# air flow



## gingertwist (Jun 18, 2004)

Hi,
Quick question. When I turn on my air temperature dials to 1 or 2, I don't get much air flow. When I turn it to three and four, it seems to works fine. Just wondering if this is normal.
Thanks


----------



## HarmLess (Sep 29, 2002)

Hmm... I kinda have the same problem. The driver and passenger air vents work fine, but the middle vents seem to be too weak. Not much air coming out, even at full blast. Does anyone here experience the same problem?


----------



## Pattieanne (Jun 24, 2004)

*question about pricing*



gingertwist said:


> Hi,
> Quick question. When I turn on my air temperature dials to 1 or 2, I don't get much air flow. When I turn it to three and four, it seems to works fine.

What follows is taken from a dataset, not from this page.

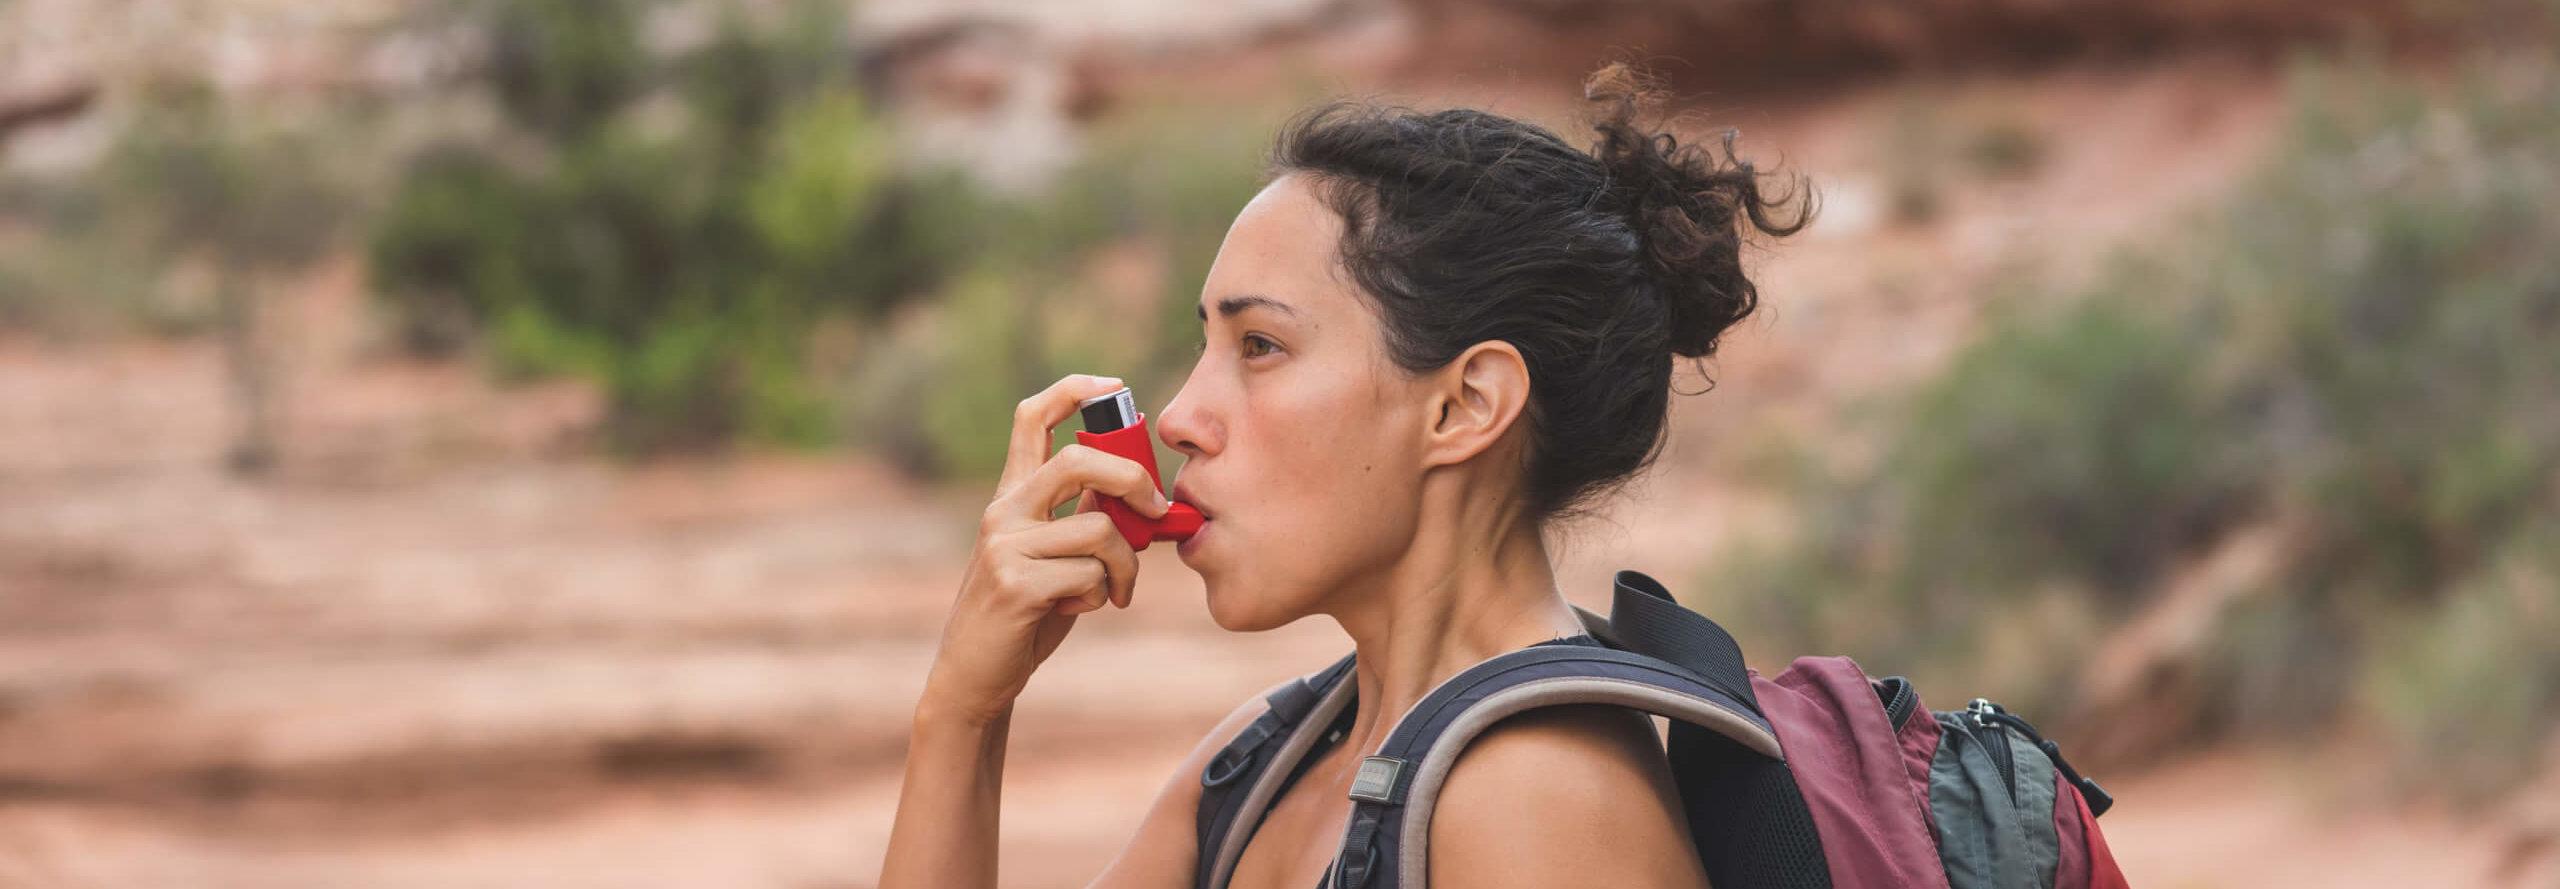 Frau mit Asthma Inhalator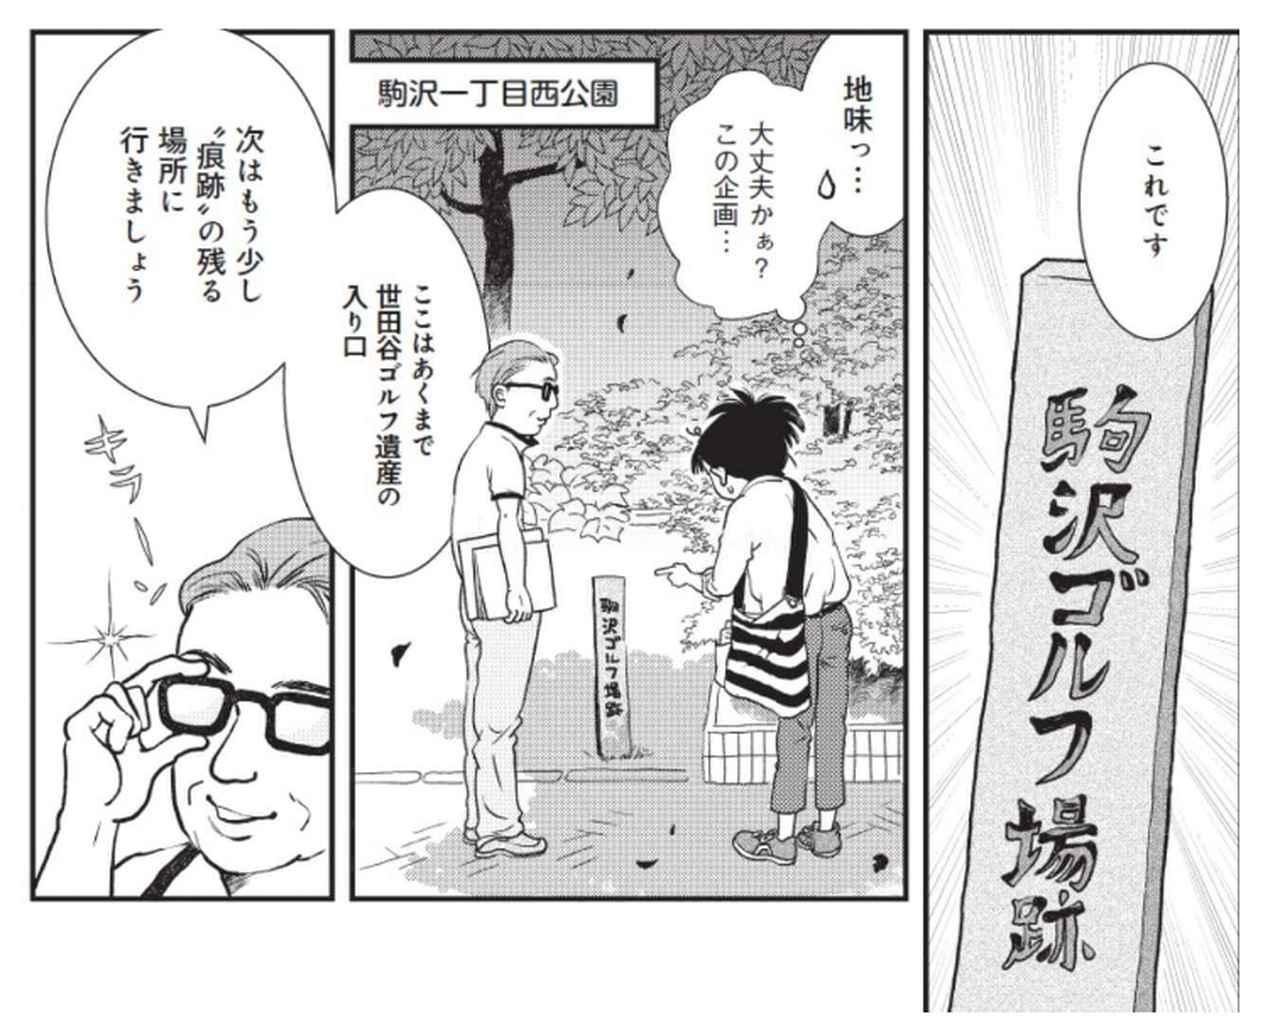 画像: 駒沢公園から徒歩1~2分、駒沢一丁目西公園に「ゴルフ遺産」を発見。まだまだ、世田谷ゴルフさんぽははじまったばかり。

Just wondering if this is normal.
> Thanks


This question of mine does not relate to yours although I know you recently bought your X-trail. Could you tell me if $29,000 is reasonable for an SE AWD with a manual transmission, that includes only the freight and PDI not taxes. I hope to become more knowledgable and be able to share more info when I actually receive my trail. Thanks


----------



## gingertwist (Jun 18, 2004)

Pattieanne said:


> This question of mine does not relate to yours although I know you recently bought your X-trail. Could you tell me if $29,000 is reasonable for an SE AWD with a manual transmission, that includes only the freight and PDI not taxes. I hope to become more knowledgable and be able to share more info when I actually receive my trail. Thanks


My SE AWD is automatic, and I paid approx $31800 including freight & PDI, no taxes. I think there is a $1000 add on for automatic, so $29000 sounds good.


----------